In an email, a Wellstar spokesperson wrote:
“At Wellstar Health System, all 10 of our hospitals strive to provide high-quality care and undergo regular, continuous improvement processes to meet that goal. All hospitals, including Wellstar Douglas Hospital, are reviewed by external agencies, and a preliminary report was issued by one such agency. We strongly disagree with that report and have submitted a written objection to the preliminary observations. Unfortunately, the hospital’s written objection is not available for public review due to patient privacy protections, and we are currently waiting for the disposition of that matter.”
Nettles said an attorney told her she had no case. Susan Witt, an Atlanta attorney with 25 years experience handling medical malpractice cases said she believes most judges would give a pass to doctors and nurses, dealing with patients suffering from a new, deadly virus like COVID-19.
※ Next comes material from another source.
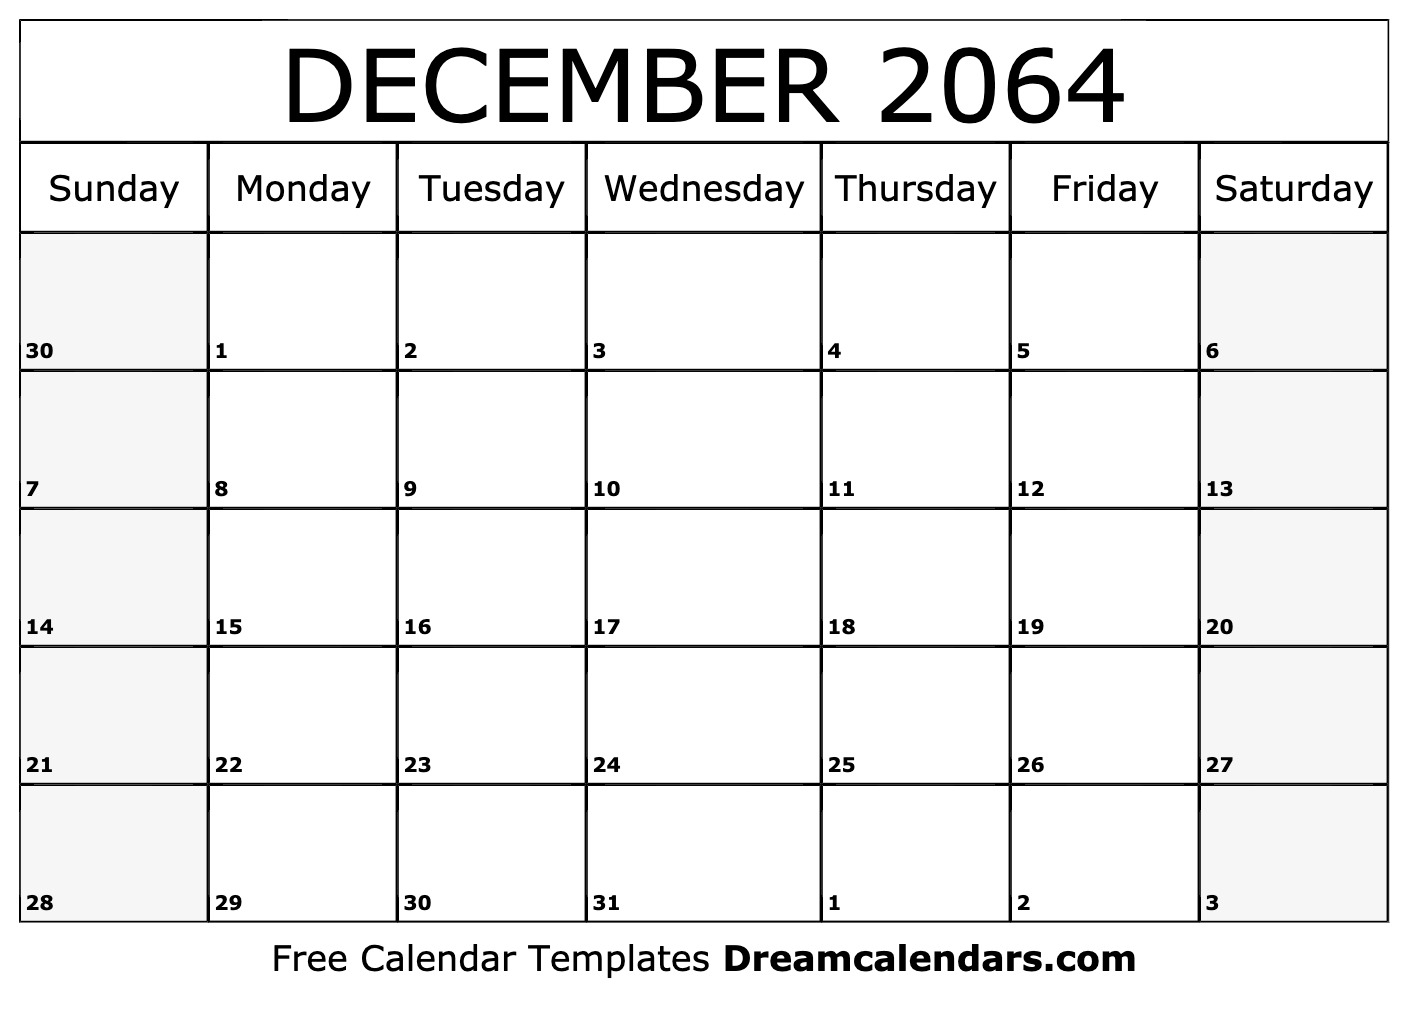 Printable Calendar November 2020 Wincalendar | Month inside Wincalendar Calendar Maker
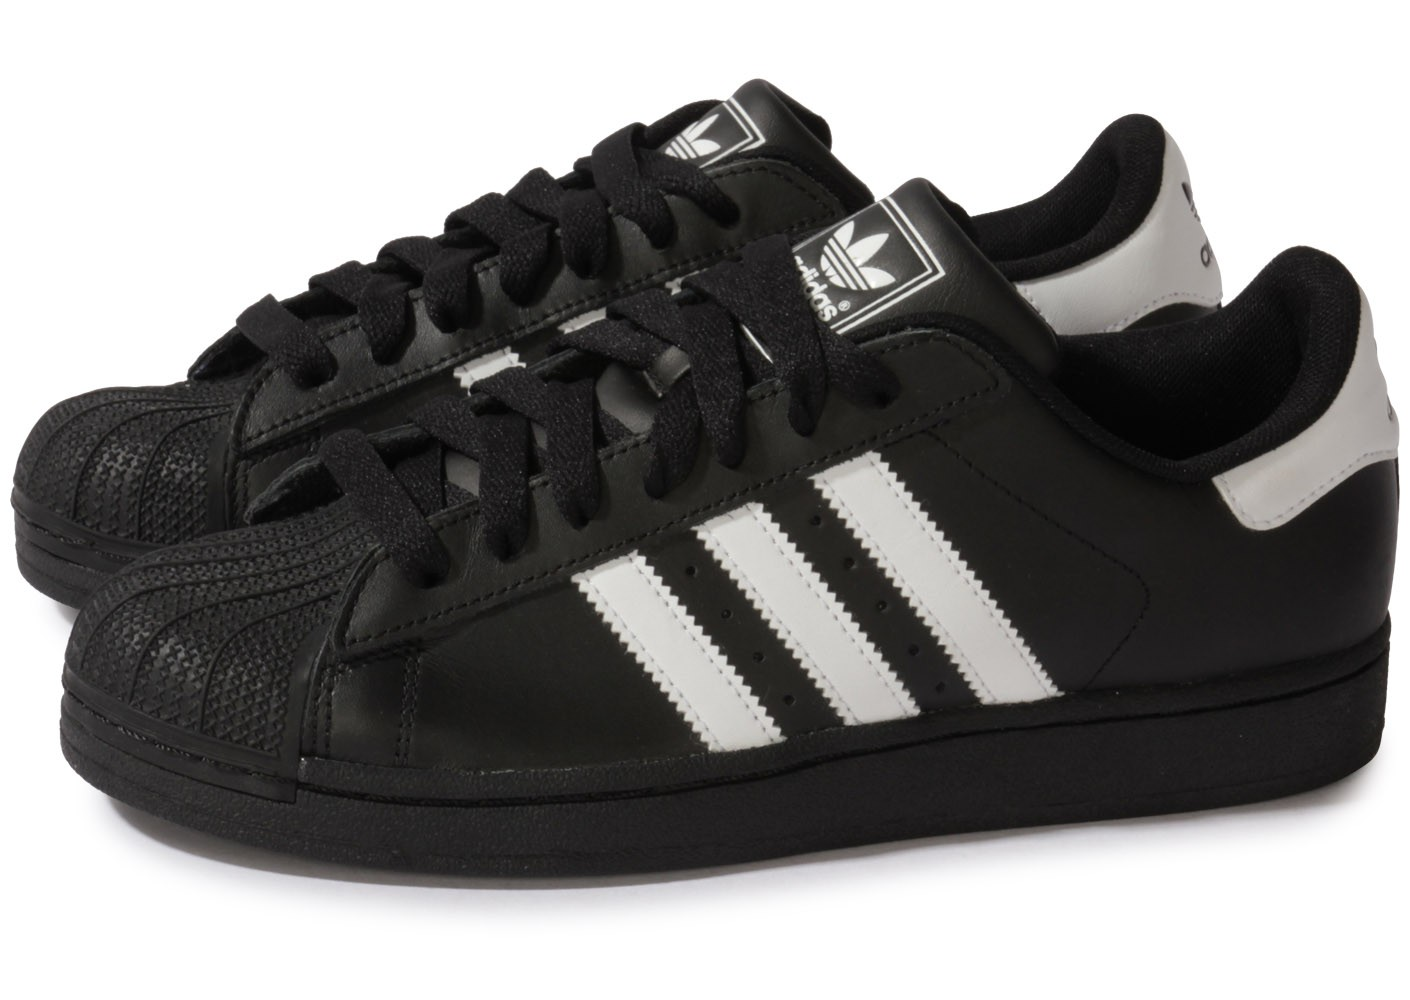 acheter en ligne 0b4cc bcf66 adidas superstar noir et rouge

“I imagine she’s having a harder time taking this case because number one it is an emergency room case, and the standards are higher. It’s gross negligence. Not just mere professional or medical malpractice negligence which is a much lower,” Witt said. “There are fewer lawyers are who have the resources and those bandwidth to take on these cases.”
Nettles created a sports scholarship in Tyler’s honor. After Tyler’s death Nettles learned he earned a full scholarship to play football at Morehouse. She hopes telling Tyler’s story will help another family, but still wants to hold the hospital accountable in court.
“That’s their job. That’s what they took an oath to do,” Nettles said. “Don’t play Russian roulette with my son’s life because of how you feel tonight because it cost him his life.”